# Sc help



## Holmestree (Feb 5, 2016)

Hi everyone. New to this forum. I recently acquired a 46 sc. No history on it just didn't want to see it going to scrap yard. It's converted to 12v so any help on 2 questions would help. It has the magneto still so is this positive ground or negative ground. Second I did hook a battery to it hoping it is negative ground and tarter will not crank either with electric start or hand crank. The fan turns, should I try jumping the starter and see if it will crank. Checked 100 times it is in neutral.any info is greatly appreciated


----------



## BigT (Sep 15, 2014)

Welcome to the tractor forum Holmestree.

A 12v conversion is normally negative ground. Many years ago, my father had a late 40's Case DC, and it did not have a transmission neutral safety switch. 

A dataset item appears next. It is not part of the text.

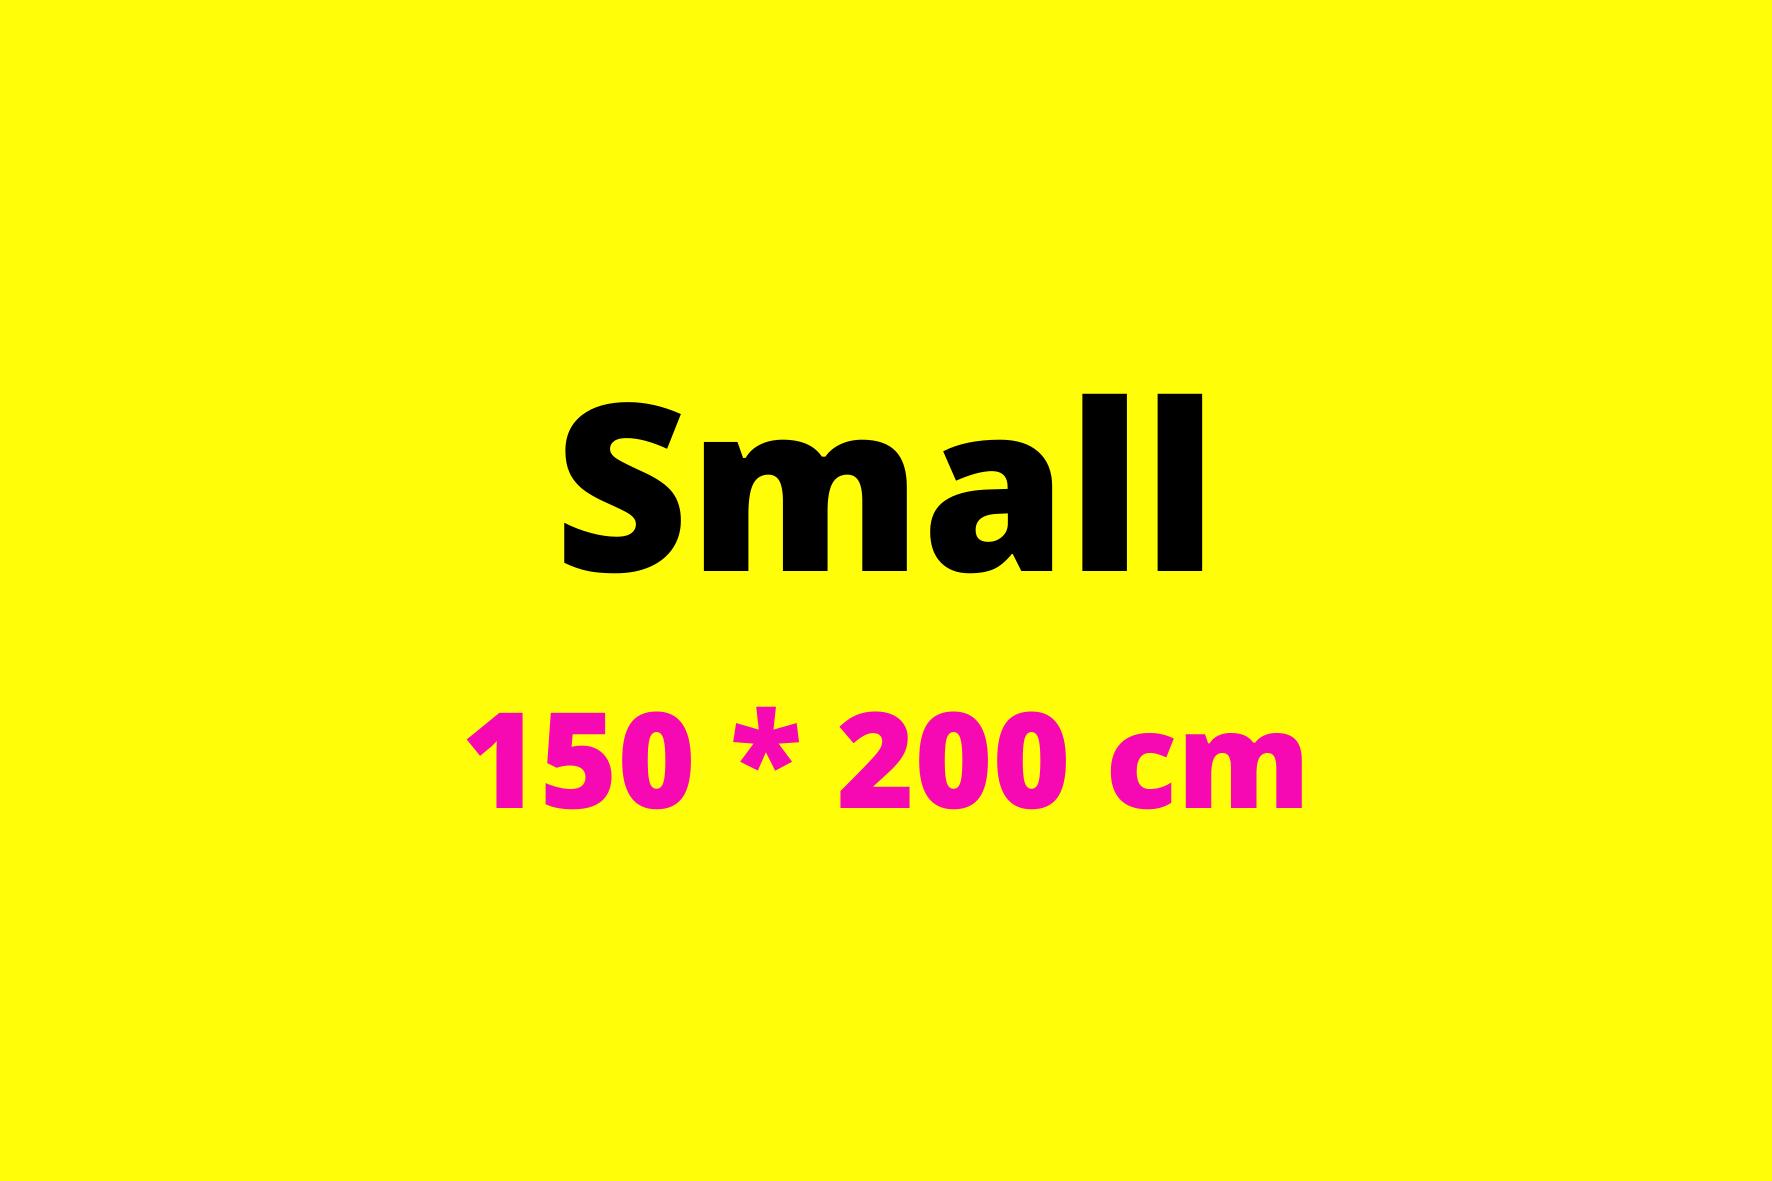 150*200 cm

When you say it "will not crank either with electric start or hand crank", does this mean the engine is frozen? The fan turns, but does the crankshaft turn as well?

The simple thing to do is to tow start it.


----------



## RC Wells (Dec 26, 2008)

The Case SC was originally a positive ground battery system, as were nearly all the older tractors. Positive or negative ground makes no difference to the magneto, as it is fully self-contained and generates its own electrical charge.

I would remove the starter and be absolutely certain that the bendix drive has not engaged the starter pinion with the flywheel and frozen in place before you attempt to pull start the tractor. You do not want to strip the flywheel.

Case used oil dampened clutches on these tractors, so be cautious when you attempt to pull it and make absolutely certain that the engine crankshaft will turn over by hand when the spark plugs are removed. If the engine is frozen you can create a significant amount of damage by attempting to tow start the tractor.

If the engine is frozen from rust, you can take your time and usually free them up with the liberal use of penetrating oil and patience.

If you want a PDF advertising flyer on that tractor, shoot me a PM and your email and I will send it along.


----------



## Holmestree (Feb 5, 2016)

Yes big t actually I checked some connections last night. Motor turns over fine and starter is partially working. Will try tonight taking it apart and cleaning it. It has sat for 2 years, first thing I even did was soaked cylinders before anything for a few days just to make sure. Cars from the 60's I know tractors are new to me  thanks


----------



## Holmestree (Feb 5, 2016)

Rc wells, thanks for the info . Motor is nice and free had decided to already soak it before I started anything to be safe( had to do that on my car) cleaned some connections now starter is trying but I think I'll pull it tonight and give it a good cleaning as it's been sitting about 2 years outside. . It's a place to start any ways. I think I may have the advertising flyer already but I will shoot you a pm thanks


----------